** DATA follows **

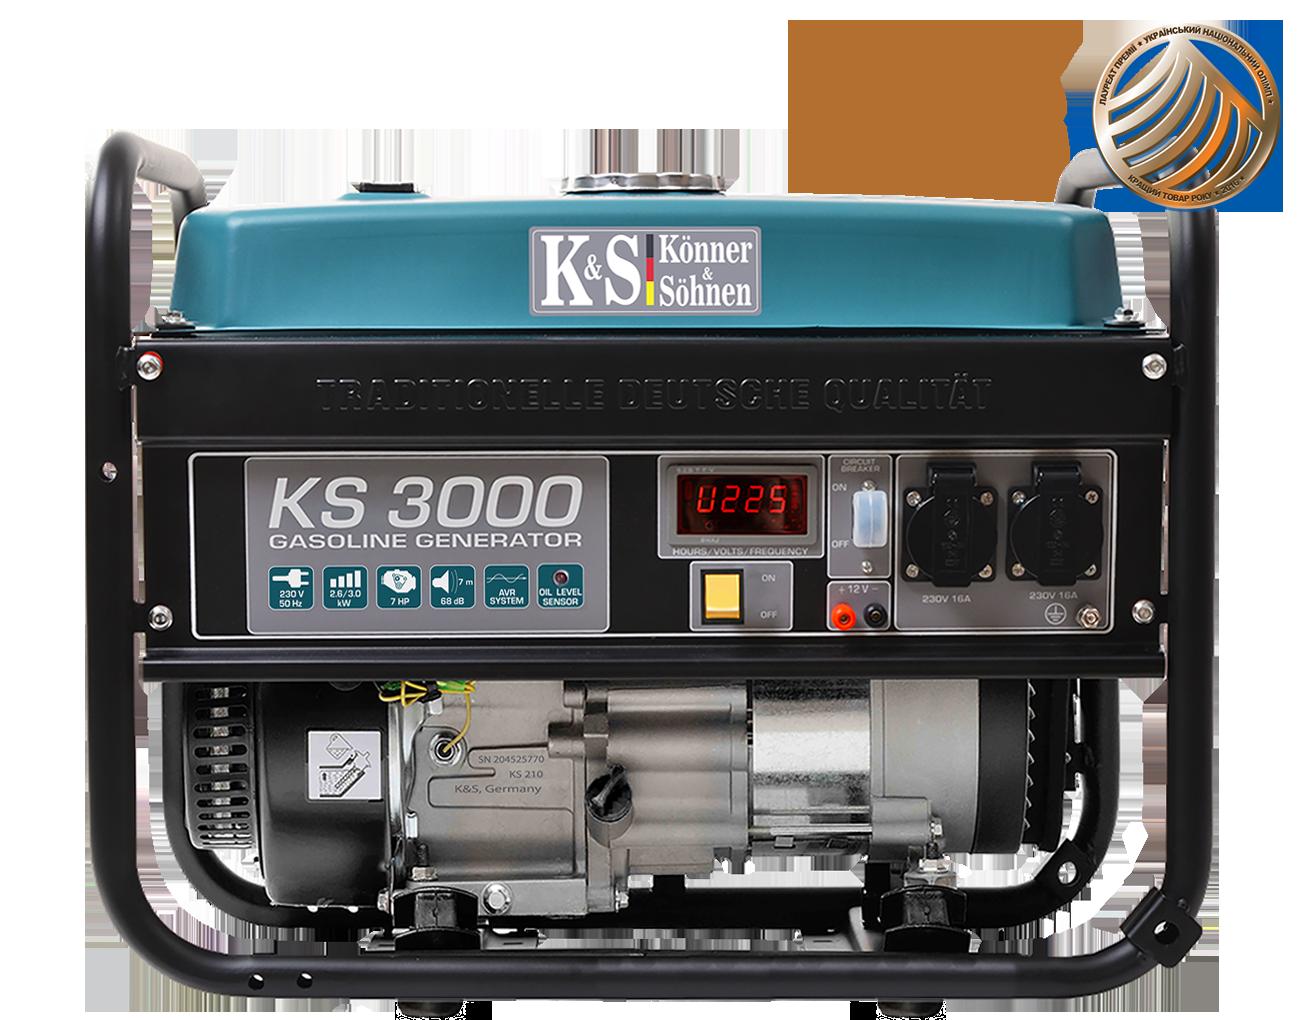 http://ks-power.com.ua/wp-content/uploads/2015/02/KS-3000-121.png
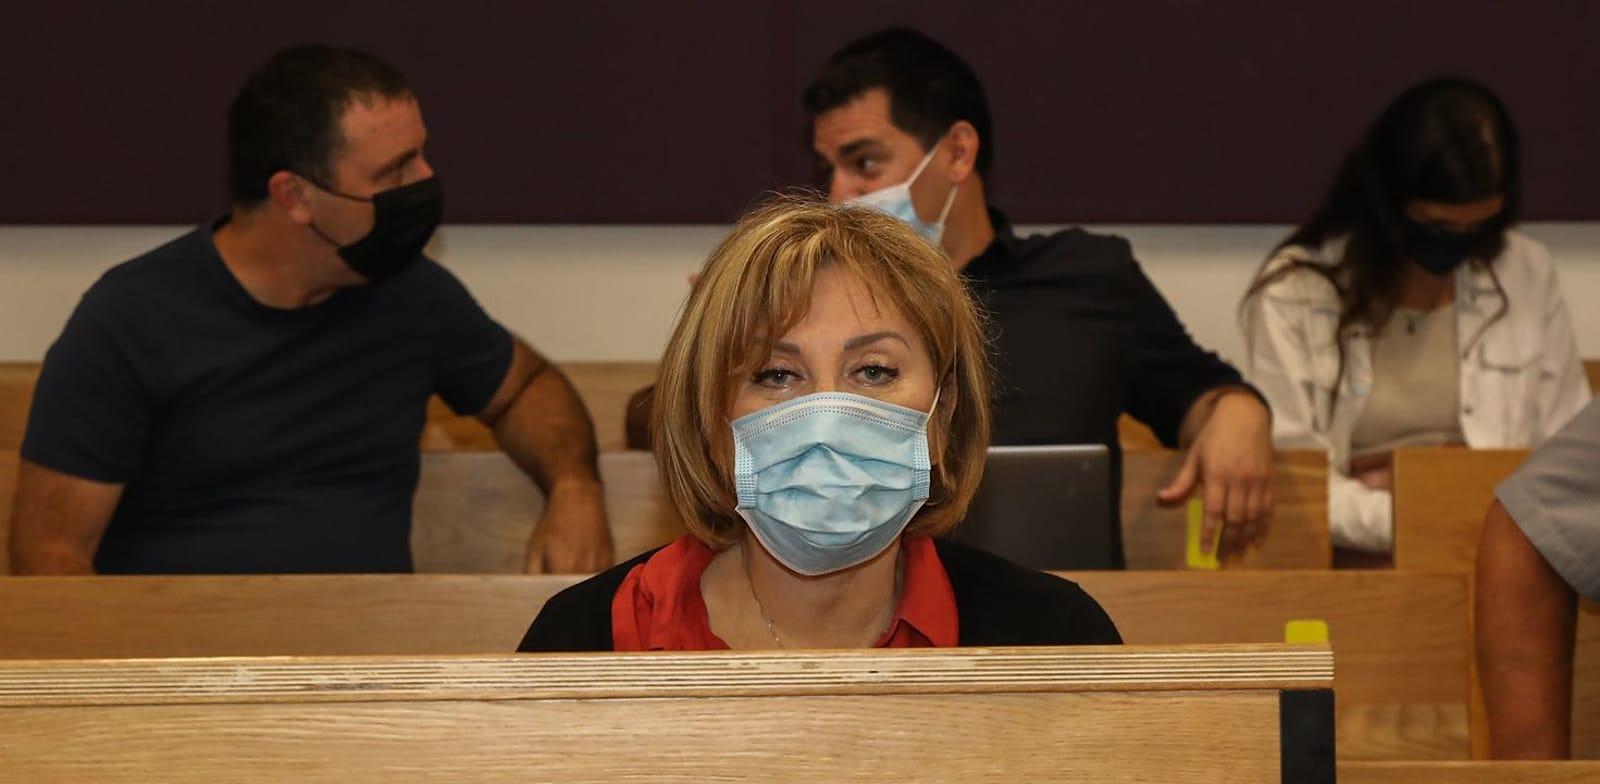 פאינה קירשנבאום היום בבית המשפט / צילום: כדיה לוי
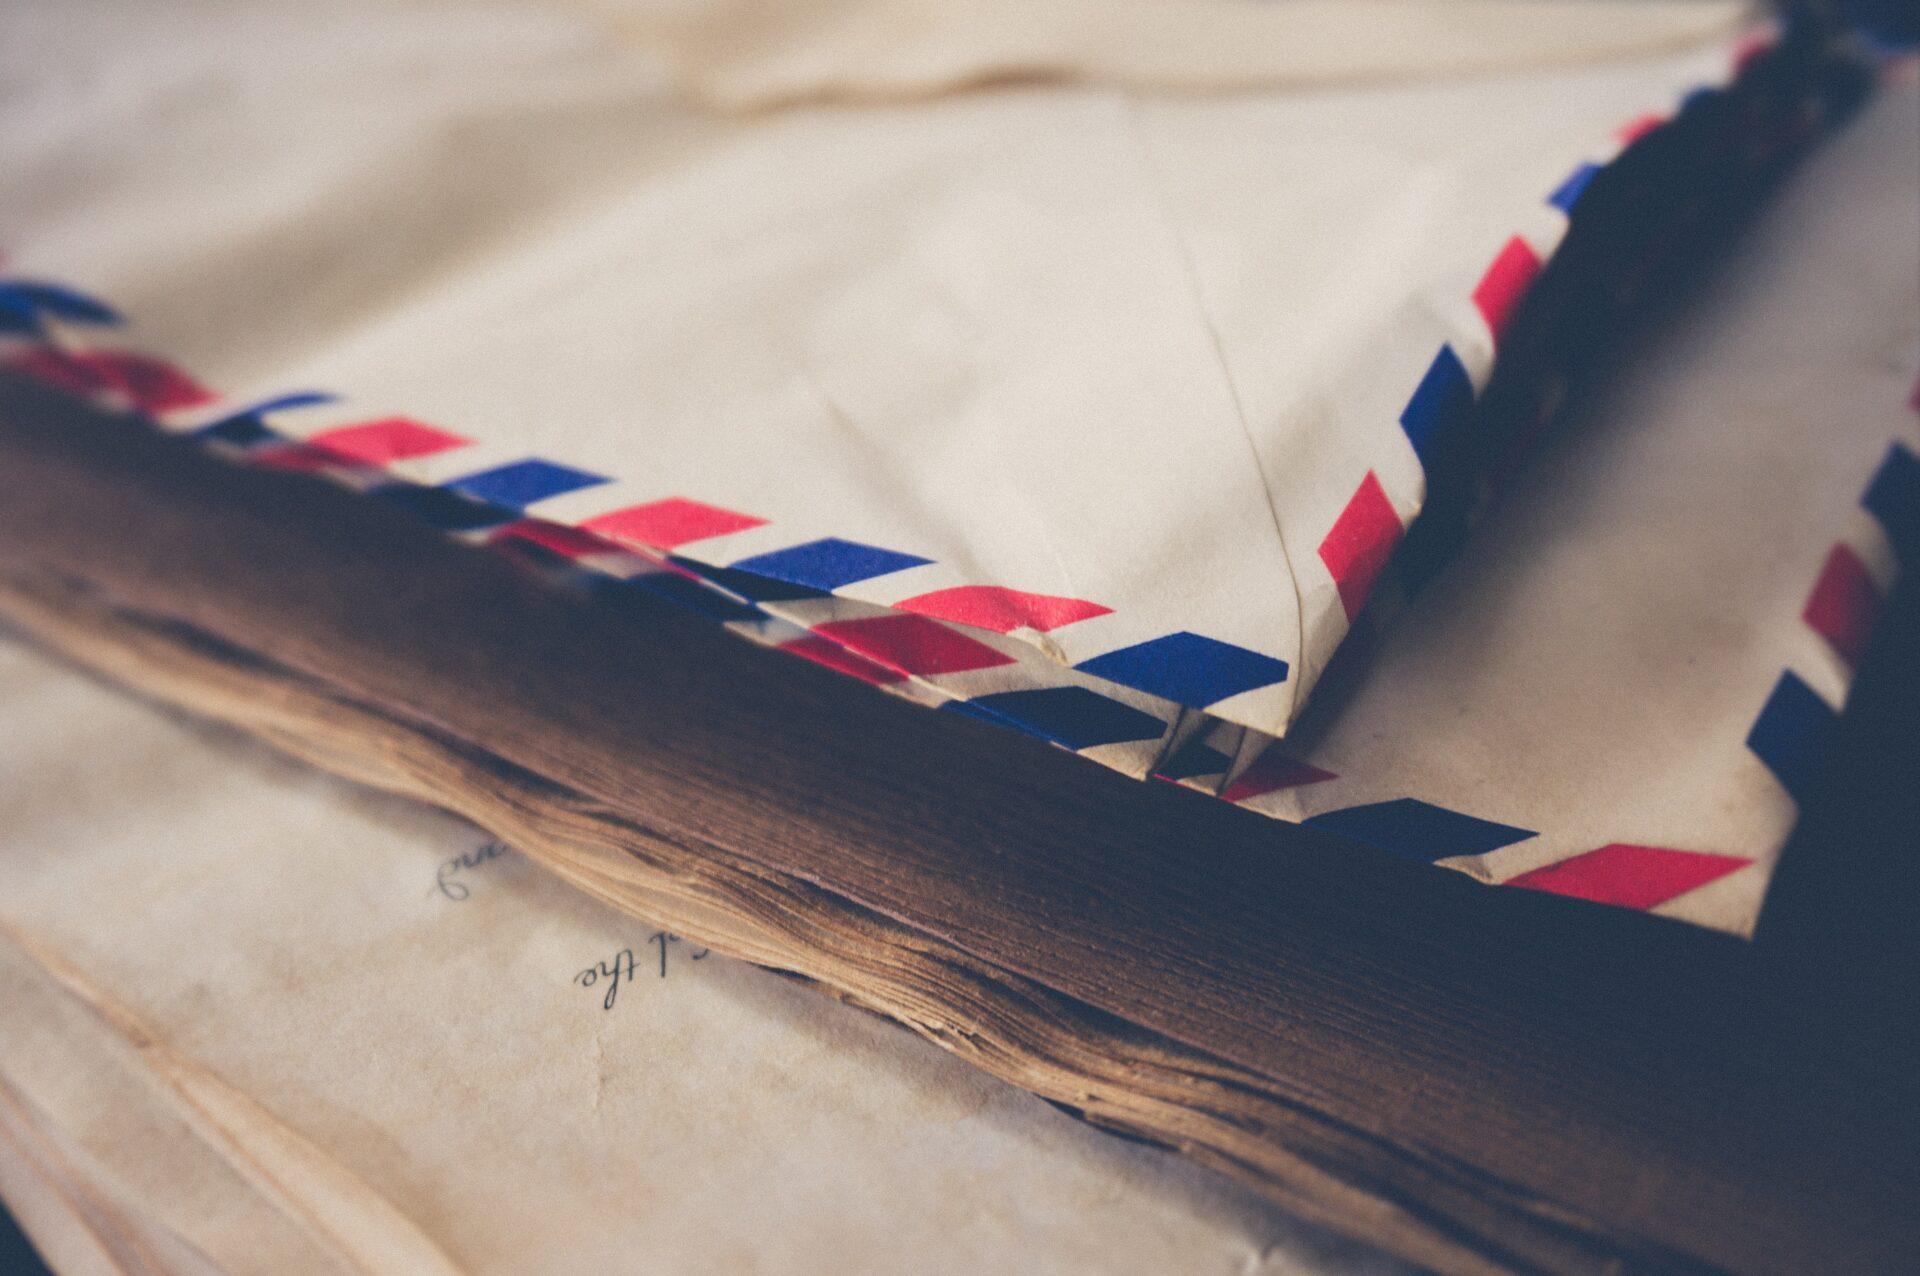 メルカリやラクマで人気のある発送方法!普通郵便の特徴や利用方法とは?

** End of DATA **

*YOUR TASK*. Print the listing verbatim; no pictures.

*COMPLETED EXERCISE*.
 http://ks-power.com.ua/wp-content/uploads/2015/02/KS-3000-121.png
 פאינה קירשנבאום היום בבית המשפט / צילום: כדיה לוי
 メルカリやラクマで人気のある発送方法!普通郵便の特徴や利用方法とは?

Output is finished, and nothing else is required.